**TASK TO CARRY OUT:** Your task is to repeat all of the data exactly while excluding the pictures.

GIVEN MATERIAL below:

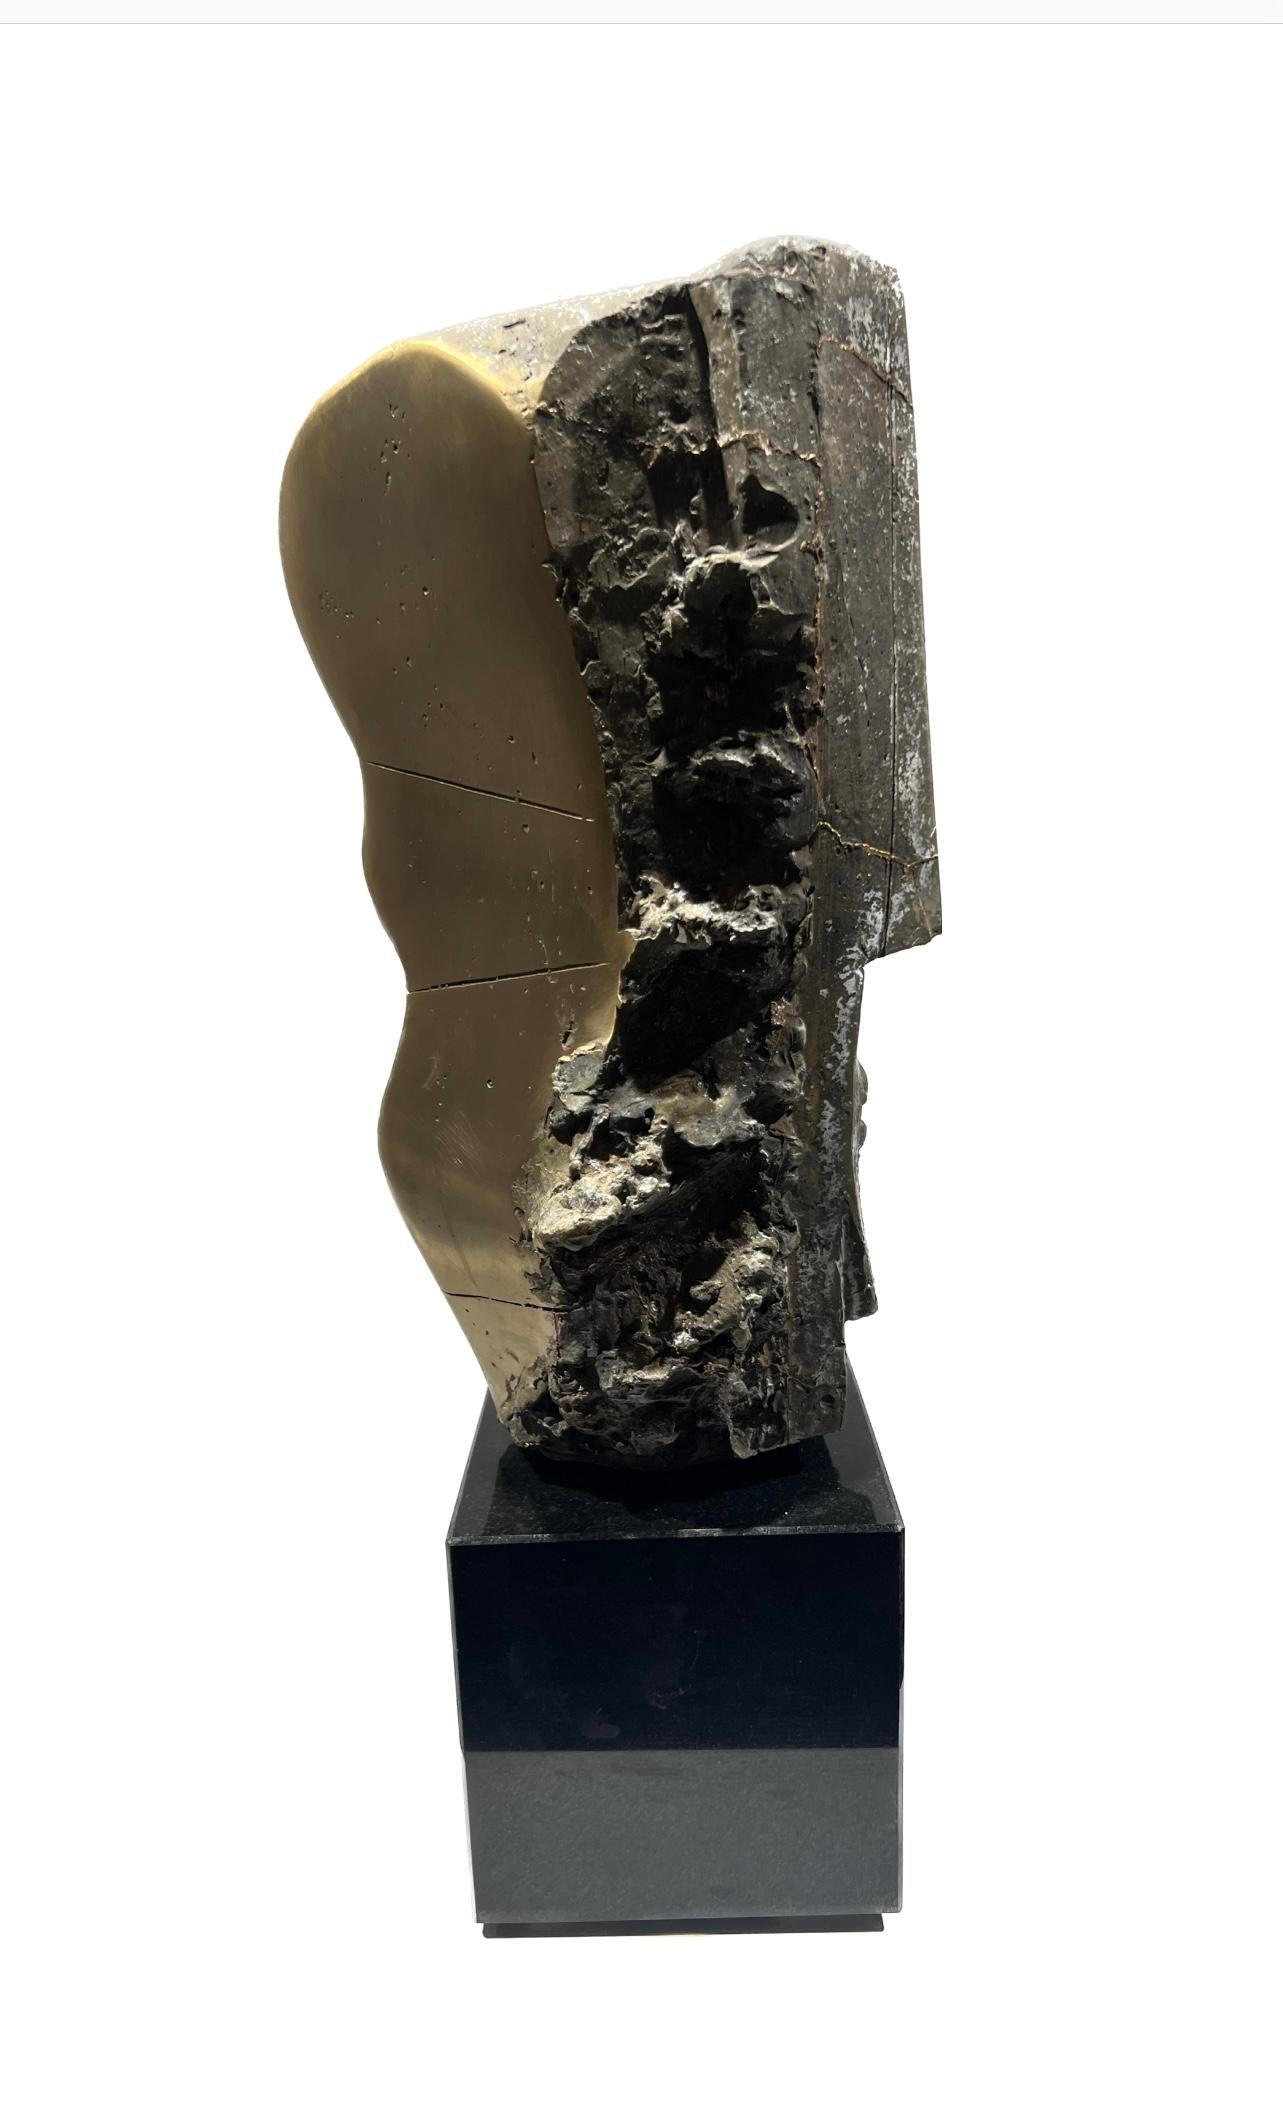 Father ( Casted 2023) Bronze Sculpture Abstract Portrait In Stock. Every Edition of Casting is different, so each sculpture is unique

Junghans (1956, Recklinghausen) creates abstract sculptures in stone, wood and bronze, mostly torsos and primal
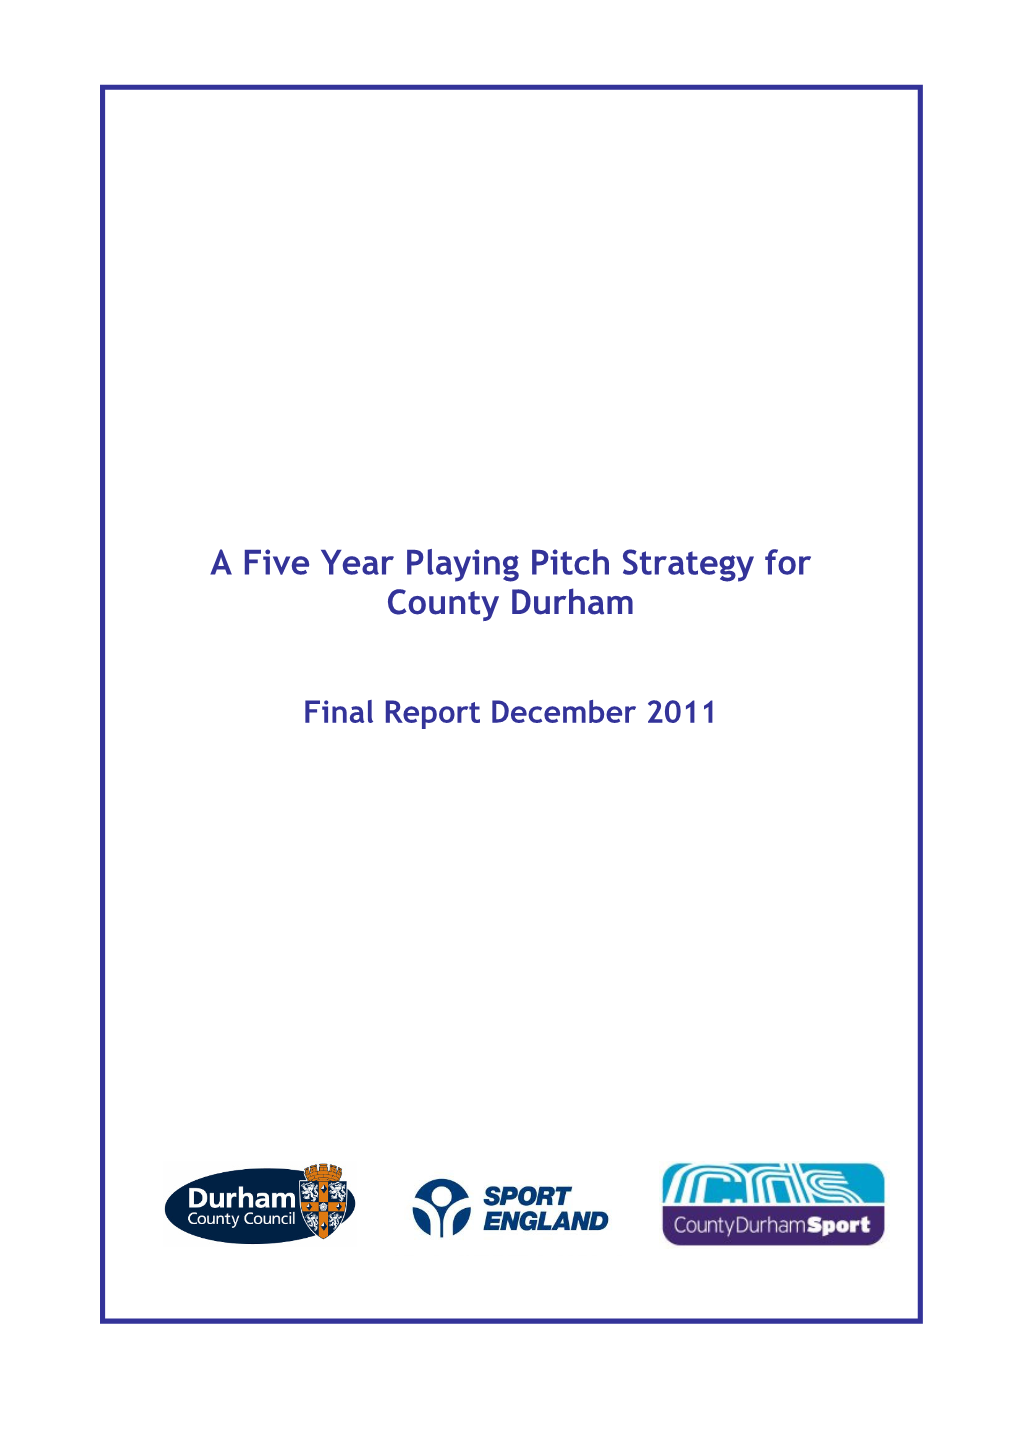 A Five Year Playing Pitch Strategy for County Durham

End of GIVEN MATERIAL.

**WRITTEN ANSWER:**
 Father ( Casted 2023) Bronze Sculpture Abstract Portrait In Stock. Every Edition of Casting is different, so each sculpture is unique

Junghans (1956, Recklinghausen) creates abstract sculptures in stone, wood and bronze, mostly torsos and primal
 A Five Year Playing Pitch Strategy for County Durham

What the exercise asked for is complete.